Ceci est le pays du dégât cérébral, ceci est la carte du dégât cérébral, voici les fleuves du dégât cérébral et voyez-vous ces endroits illuminés sont les aéroports du dégât cérébral où les pilotes malades viennent faire atterrir leurs grands navires endommagés.
Et il y a dégât cérébral en Arizona, et dégât cérébral dans le Maine et des petites villes de l'Idaho y sont en proie et mon ciel bleu en est noir, le dégât cérébral recouvre tout comme un bail impossible à rompre...
Glissant sur la surface tendre du dégât cérébral, ne sombrant jamais parce que nous ne comprenons pas le danger..." (5)C'est l'histoire d'une petite fille qui, comme toutes les petites filles dans sa situation, voulait par-dessus tout que papa et maman se retrouvent, pour elle ce serait comme un beau camion de pompiers d'un rouge vif. Son père lui fit un cadeau, un cadeau déceptif, un camion de pompiers, vert. Papa et maman ne se retrouveraient pas et c'est tout ce qu'elle aurait : un père écrivain, légèrement atypique. On ne sait pas ce que pensa la petite fille dans la vraie vie. Dans l'histoire écrite par le père, Mathilda finit par dire : green is a beautiful color, too.
(à suivre)
(1) The slightly irregular fire engine, or the hithering-thithering djinn, Farrar, Straus and Giroux 1971. En ce qui concerne l'histoire du couple Barthelme dans ces années-là, cf. Tracy Daugherty, Hiding man, a biography of Donald Barthelme, St Martin's Press 2009, spécialement pp. 341 à 361.

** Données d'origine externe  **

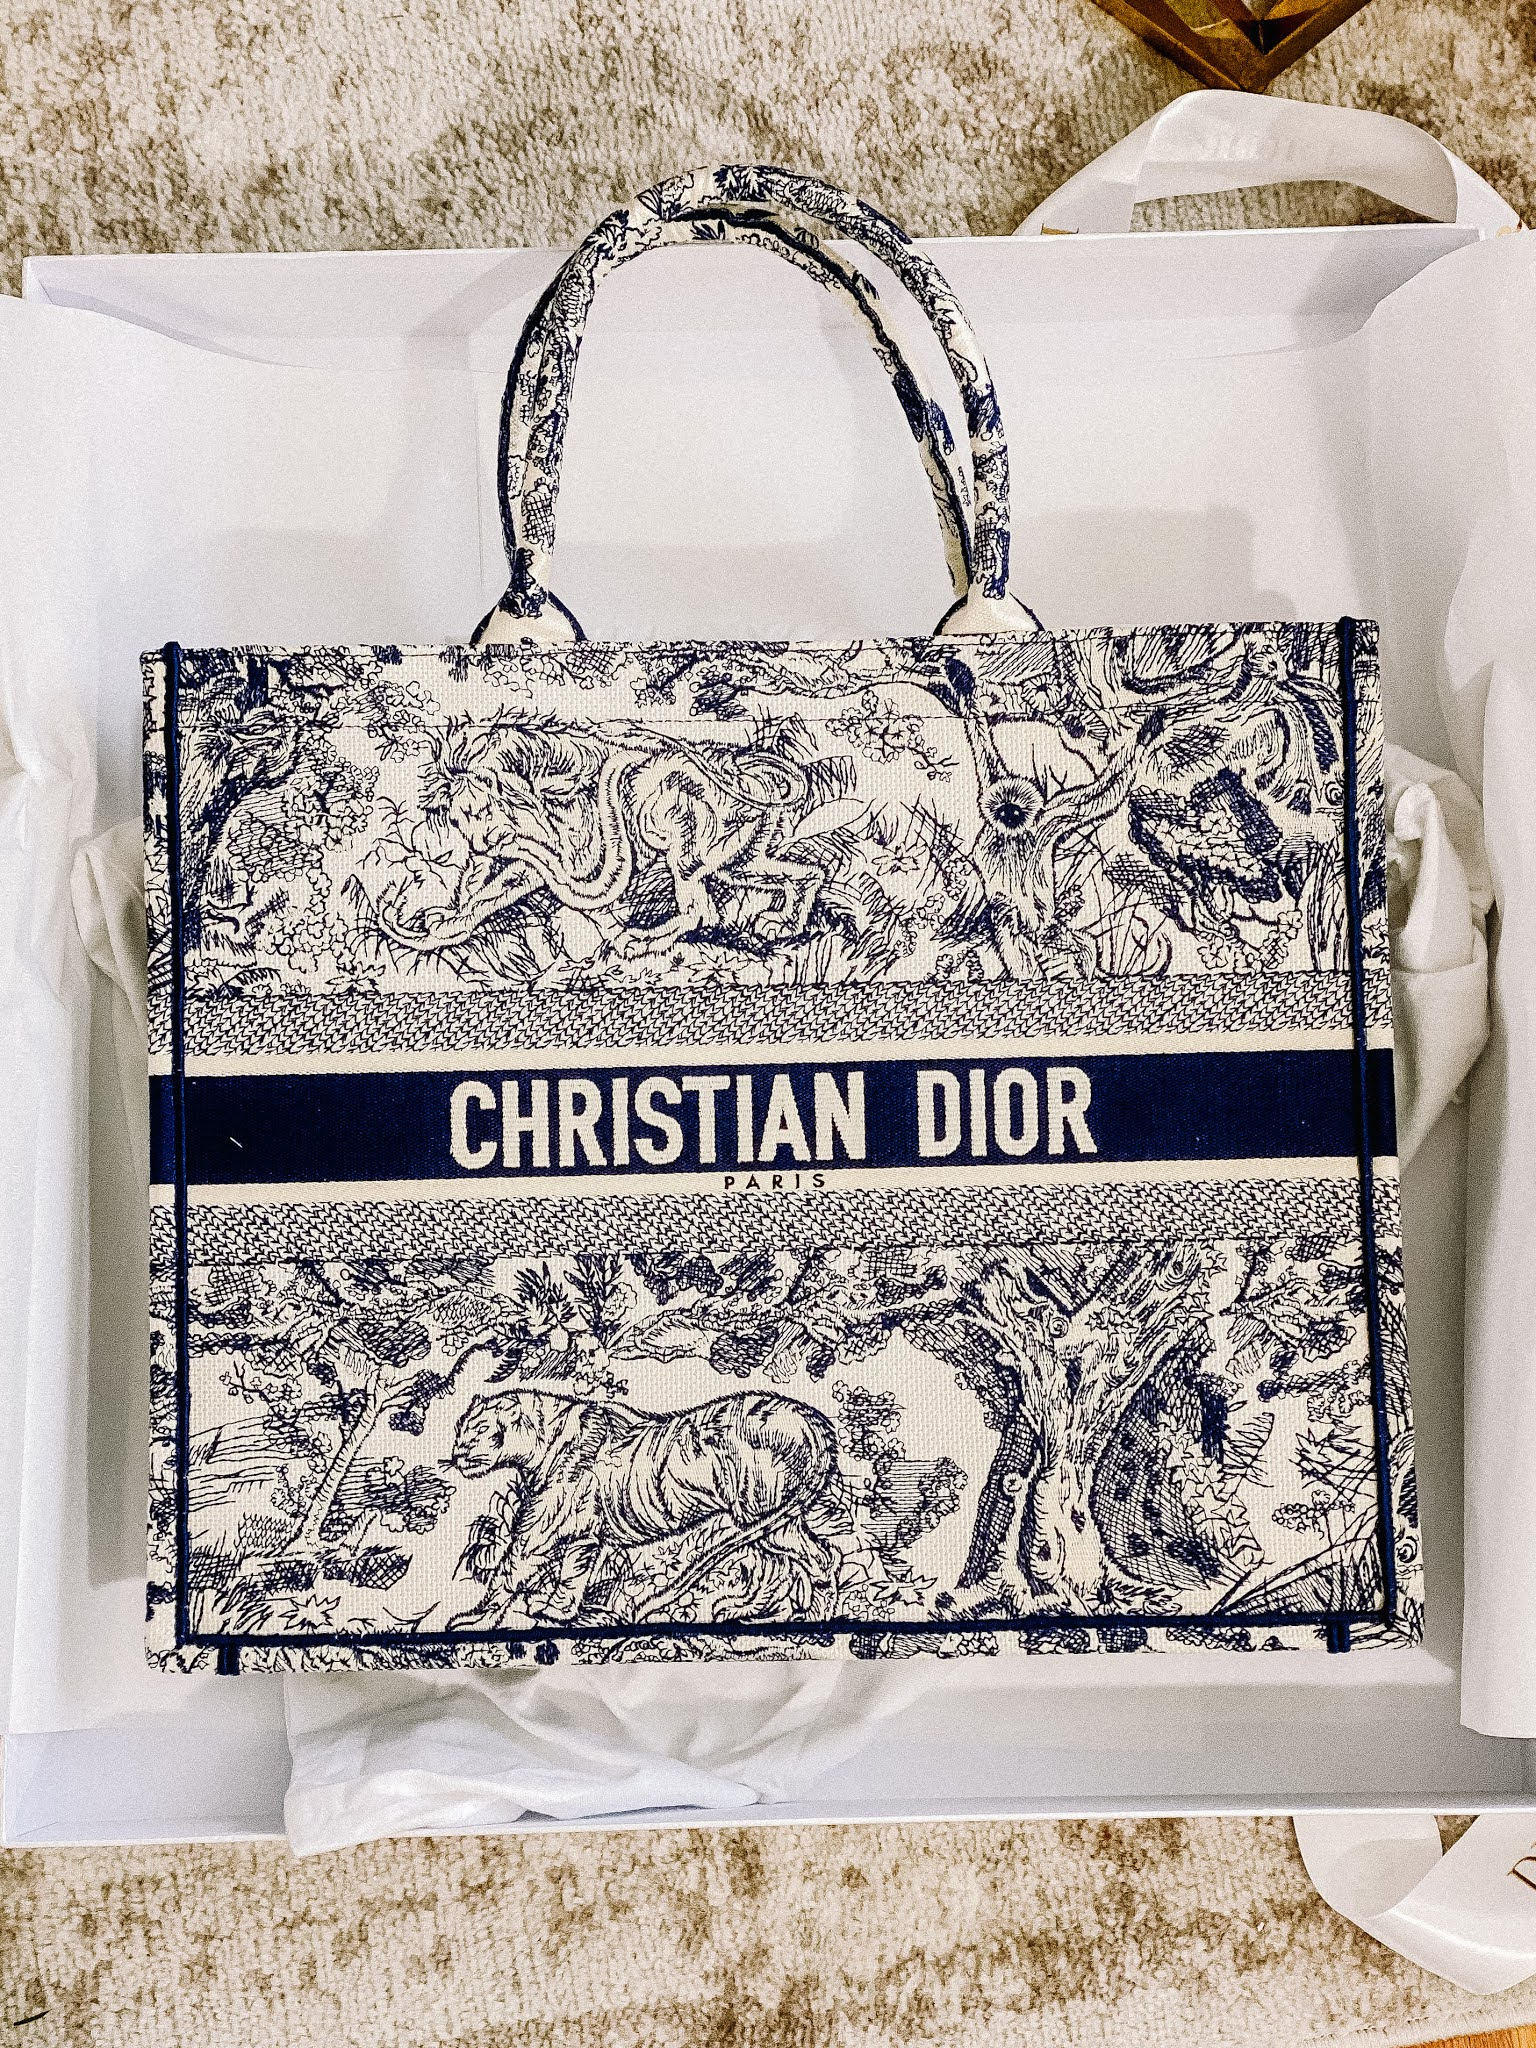 https://www.dior.com/en_us/womens-fashion/bags/dior-book-tote?a_aid=5f77305bbf34e

(2) Tracy Daugherty, Hiding man, a biography of Donald Barthelme, p. 350.
(3) Sauf pour la première, At the Tolstoï museum, publiée en 1969 dans le New-Yorker et reprise dans City life. La plupart des histoires illustrées ont été republiées dans The teachings of Don B., 1992
(4) City life, in Voltiges, éd. Denoël, 1990, trad. Isabelle Chedal et Maryelle Desvignes.
(5) Dégât cérébral, in La ville est triste, éd. Gallimard, 1978, trad. Christiane Verzy.